MATE supports multiple backend building blocks and packaging forms, including:
- TileLang kernels
- JIT-managed compiled modules
- AOT-packaged libraries
- MUTLASS-backed build inputs for selected compiled paths
Model and Workload Coverage
---------------------------
MATE focuses optimization on these core generative AI operator families:
- Attention and FMHA
- GEMM
- MLA
- KDA
- GDN
- Hyperconnection
- MoE-adjacent routing-related paths
MATE also includes model-tuned paths for selected mainstream model families,
depending on version and configuration, including:
- DeepSeek V3, V3.1, and V3.2 MLA-related paths
- DeepSeek V4 hyperconnection and routing-related paths
- Qwen-related GDN configurations
For detailed constraints and supported configurations, see the relevant
support matrices and compatibility pages. For GDN, see :doc:`gdn`.

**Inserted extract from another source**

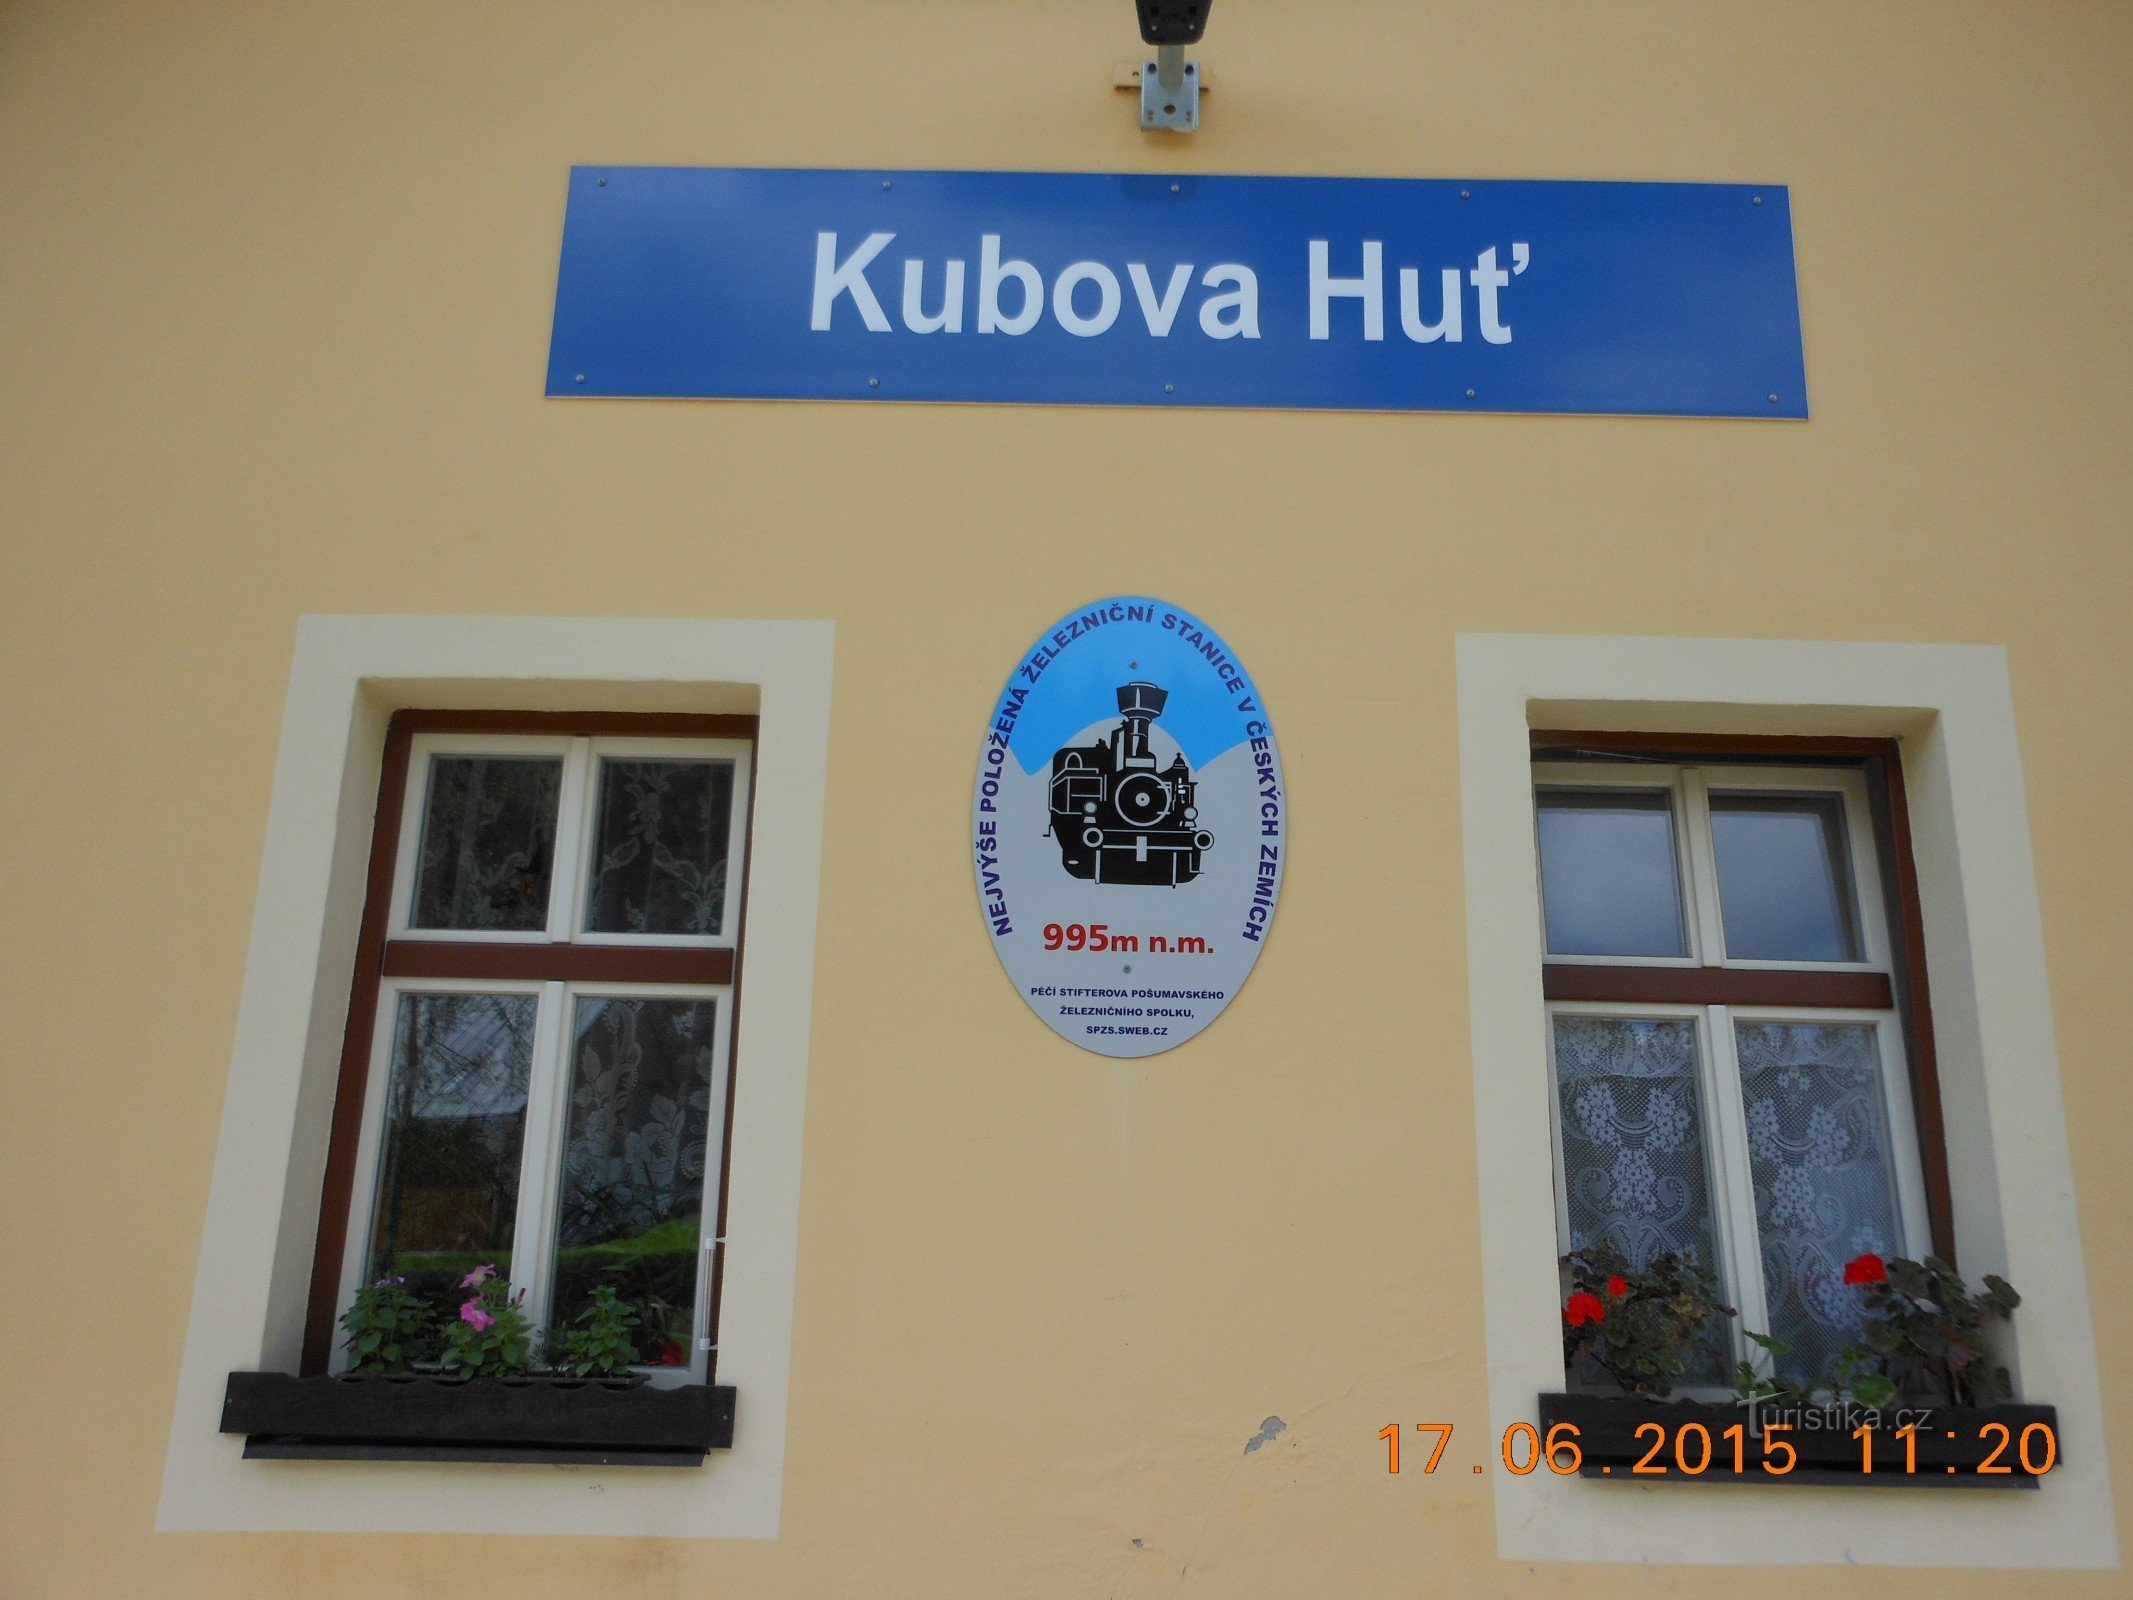 Kubova Huť - cea mai înaltă gară din Boemia

In workload terms, MATE most clearly supports:
- Text generation paths built around prefill and decode
- Inference-serving integrations through wrapper-first package surfaces
- Long-context and KV-cache execution paths
Design Choices and Value
------------------------
MATE balances migration speed and performance through these design choices:
- Wrapper-first migration path. Reuse familiar CUDA-oriented operator surfaces
where supported.
- Direct API fallback. Integrate through MATE APIs when wrapper coverage is
insufficient.
- Hybrid compilation approach. Support both AOT packaging and runtime JIT
compilation.
- Native MUSA optimization focus. Prioritize performance-critical operator
families such as attention, GEMM, MLA, and related components.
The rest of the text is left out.